Jonathan Eccker for DealerOn Dev

Posted on Feb 7, 2020 • Edited on Jun 11, 2021

Adventures in SQL Source Control with SSDT

#database #sql

SQL Source control in our stack was introduced because of a number of pain points. We had to do full database refreshes any time we spun up a new environment, we were fairly limited in options to run databases locally, we had no clean way to properly version databases, and SQL scripts often were manual operations. We had come up with a couple processes to alleviate these pain points, but they often weren't sustainable or flexible.

What is SQL Source Control?

SQL Source control is a way to treat your SQL database as a proper application (a Data Tier Application, to be precise). Changes made to schema and data get the same attention that a standard application would.
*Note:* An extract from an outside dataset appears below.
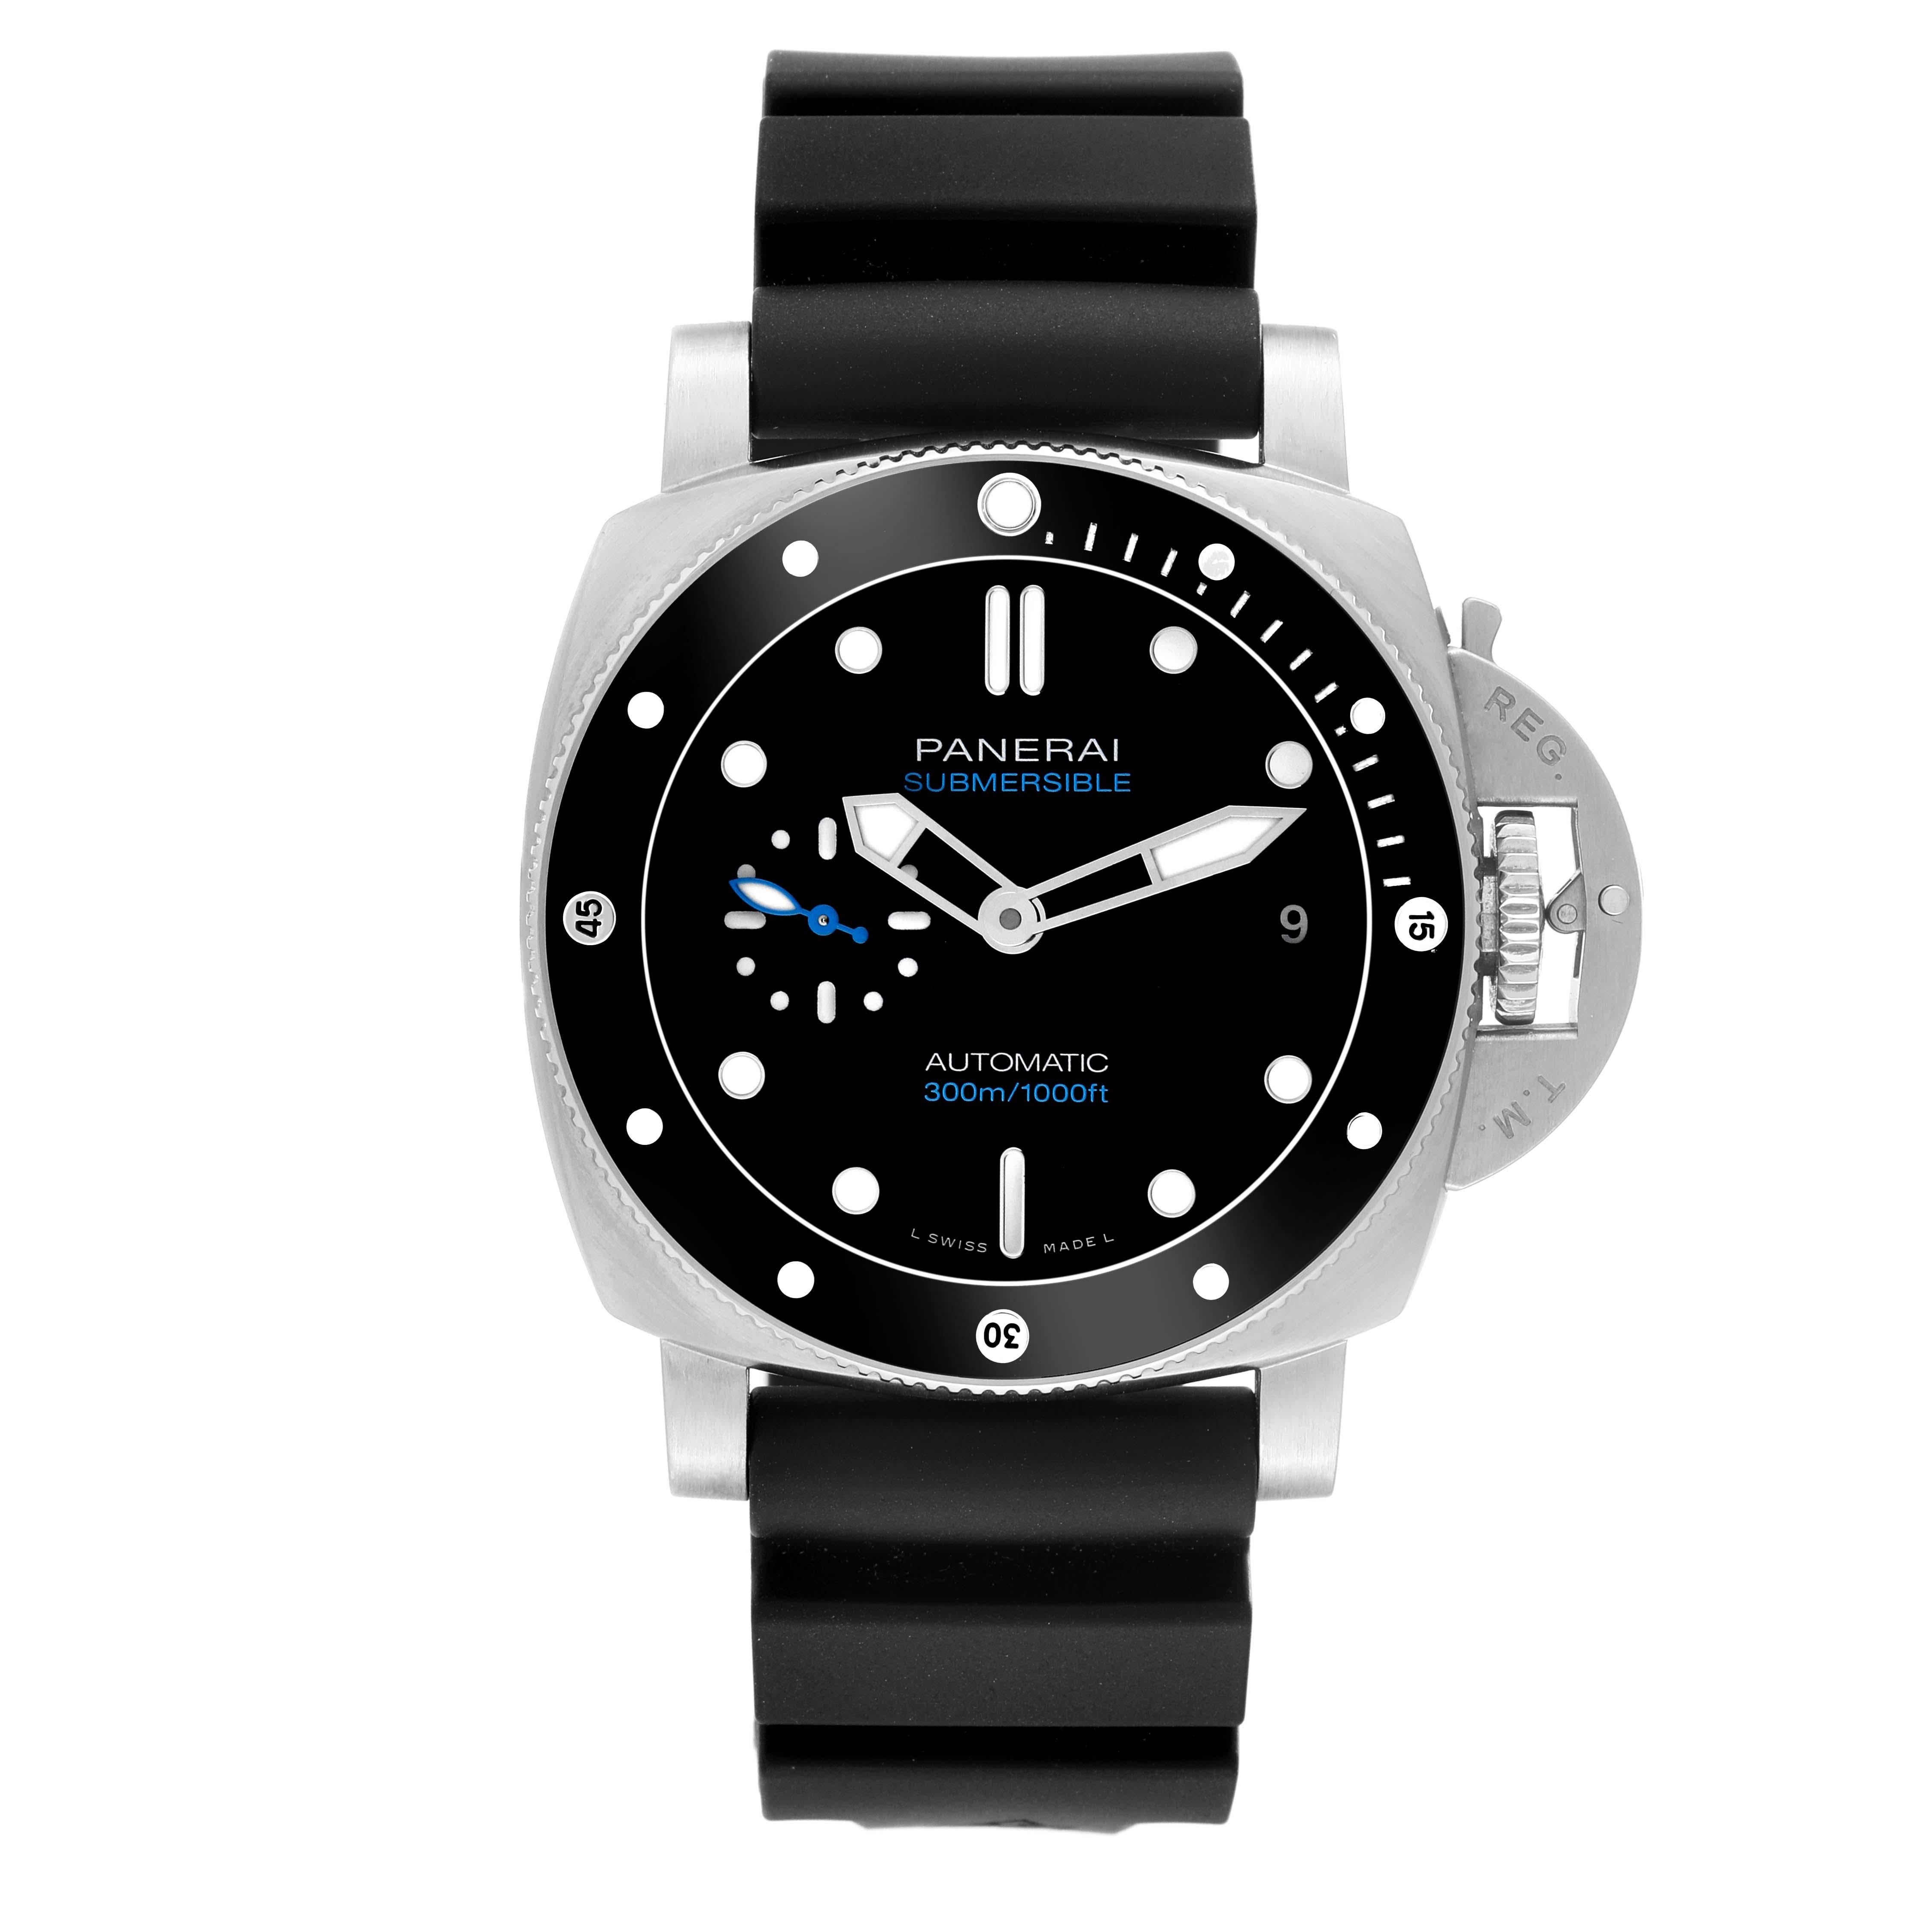 Panerai Luminor Submersible 42mm Steel Mens Watch PAM00683 Box Papers. Automatic self-winding movement. Two part cushion shaped stainless steel case 42.0 mm in diameter. Panerai patented crown protector. Steel with ceramic unidrectional rotating

This allows you to publish a database to a target and it will update it to the schema you provided.

There are a number of SQL Source control providers, we went with SSDT because it fits into our stack very nicely, and is free.

SSDT

SSDT, or Sql Server Data Tools, is managed very similarly to standard .Net application. The solution and project layout is very similar, you can msbuild it or build and publish it in visual studio, all in a way that'll feel familiar to any .Net developer.

Setting It Up

The first step is creating a new SQL Server Database Project in visual studio (under the SQL Server section).

Visual studio then provides a very handy schema import tool. If you right click on the project, and highlight Import, you can select to import the schema from a database. We opted for the Schema\Object Type folder structure as it would assist in providing some better boundaries between different schemata.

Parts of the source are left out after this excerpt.